Personal information
- Born: 4 June 1983 (age 43) Donetsk, Ukrainian SSR, Soviet Union
- Height: 1.76 m (5 ft 9+1⁄2 in)
- Weight: 58 kg (128 lb)

Sport
- Country: Ukraine
- Sport: Athletics
- Event: Triple jump

Medal record
Olympic Games
| Bronze medal – third place | 2012 London | Triple jump |
World Championships
| Gold medal – first place | 2011 Daegu | Triple jump |
| Bronze medal – third place | 2013 Moscow | Triple jump |
World Indoor Championships
| Silver medal – second place | 2014 Sopot | Triple jump |
Diamond League Final
| Third place | 2010 | Triple jump |
| First place | 2011 | Triple jump |
| Second place | 2012 | Triple jump |
| Third place | 2013 | Triple jump |
| Second place | 2014 | Triple jump |
European Championships
| Gold medal – first place | 2010 Barcelona | Triple jump |
| Gold medal – first place | 2012 Helsinki | Triple jump |
| Gold medal – first place | 2014 Zurich | Triple jump |
European Indoor Championships
| Gold medal – first place | 2013 Gothenburg | Triple jump |
| Bronze medal – third place | 2019 Glasgow | Triple jump |
Universiade
| Gold medal – first place | 2007 Bangkok | Triple jump |
| Silver medal – second place | 2005 İzmir | Triple jump |
Continental Cup
| Silver medal – second place | 2010 Split | Triple jump |
| Bronze medal – third place | 2014 Marrakesh | Triple jump |
European Cup
| Gold medal – first place | 2006 Málaga | Triple jump |
| Gold medal – first place | 2008 Annecy | Triple jump |
European Athletics Team Championships
| Gold medal – first place | 2010 Bergen | Triple jump |
| Gold medal – first place | 2011 Stockholm | Triple jump |
| Gold medal – first place | 2013 Gateshead | Triple jump |
| Silver medal – second place | 2014 Braunschweig | Triple jump |

= Olha Saladukha =

Ukrainian triple jumper (born 1983)

Olha Valeriivna Saladukha (Ольга Валеріївна Саладуха, born 4 June 1983) is a Ukrainian former triple jumper.

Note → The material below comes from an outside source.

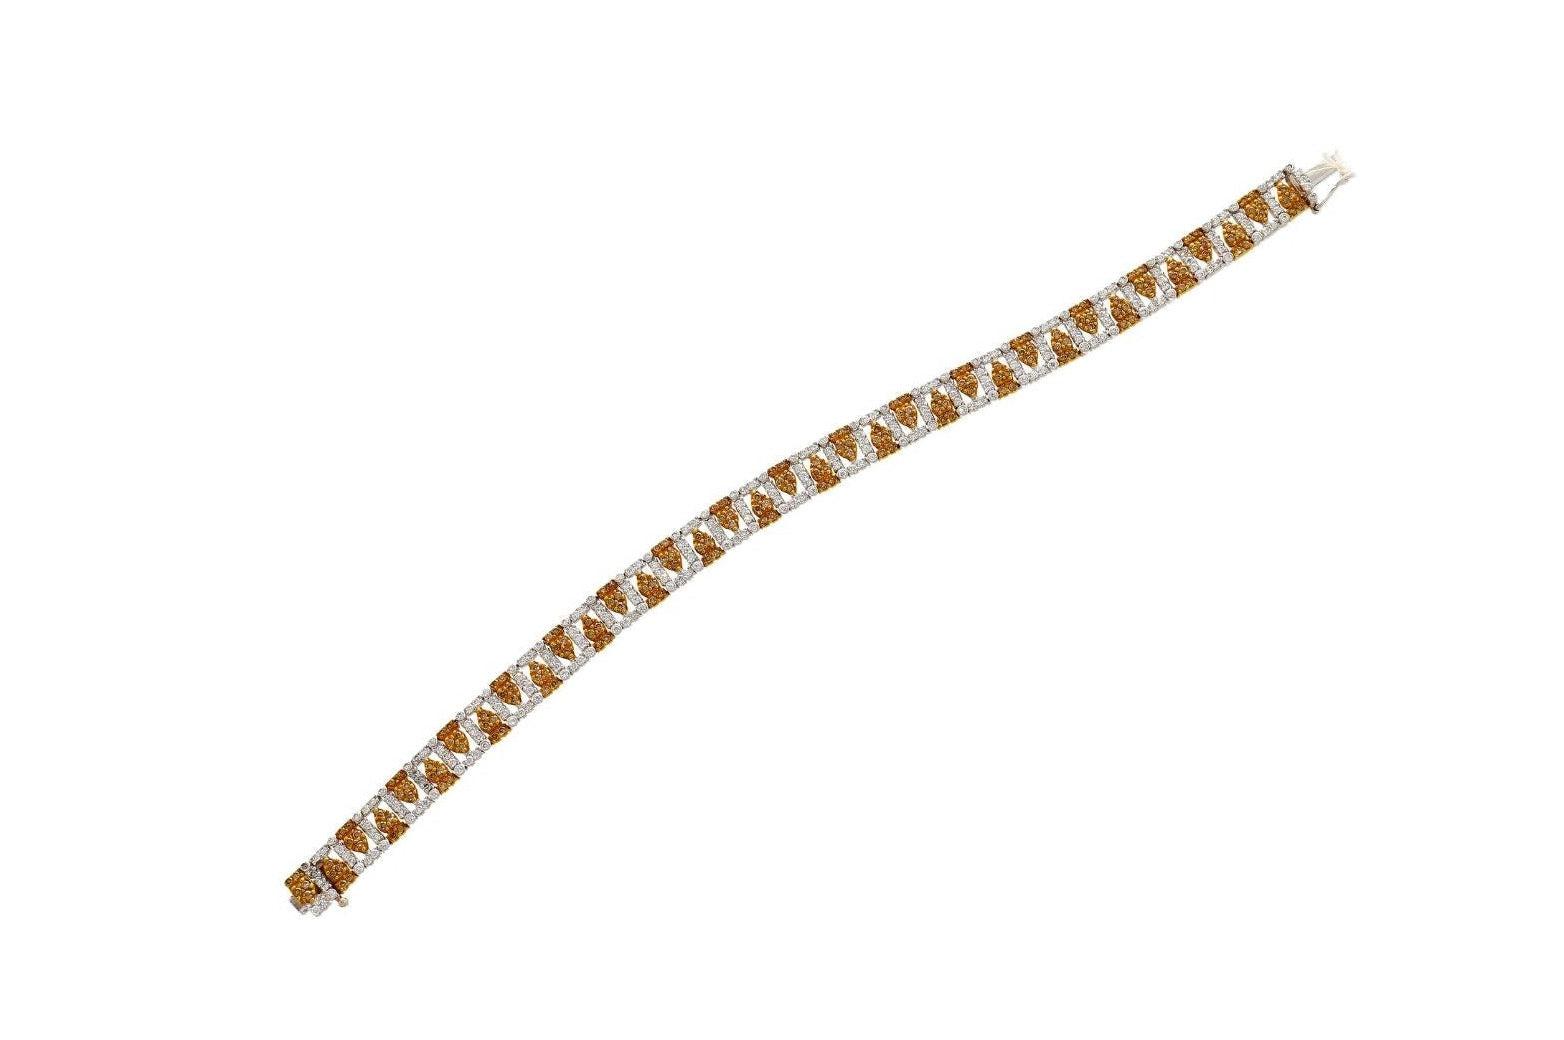 3_22-Carat-TW-Fancy-Brown-and-White-Diamonds-in-Patterned-18K-White-and-Yellow-Gold-Bracelet-7-inches-Bracelet-2.jpg

Since the 2019 Ukrainian parliamentary election she is a member of the Ukrainian parliament.

==Biography==
Saladukha took up athletics at the same club as Sergey Bubka, originally as a sprint hurdler before switching to triple jumping. In 1998 she set a European age-group record of 13.32 meters. Subsequently, she finished fifth at the 2002 World Junior Championships in Athletics. After struggling with injuries for the next two years and briefly retiring from the sport, she made steady progress, finishing fourth at the 2006 European Athletics Championships and winning the gold at the 2007 Summer Universiade with a personal best of 14.79 meters.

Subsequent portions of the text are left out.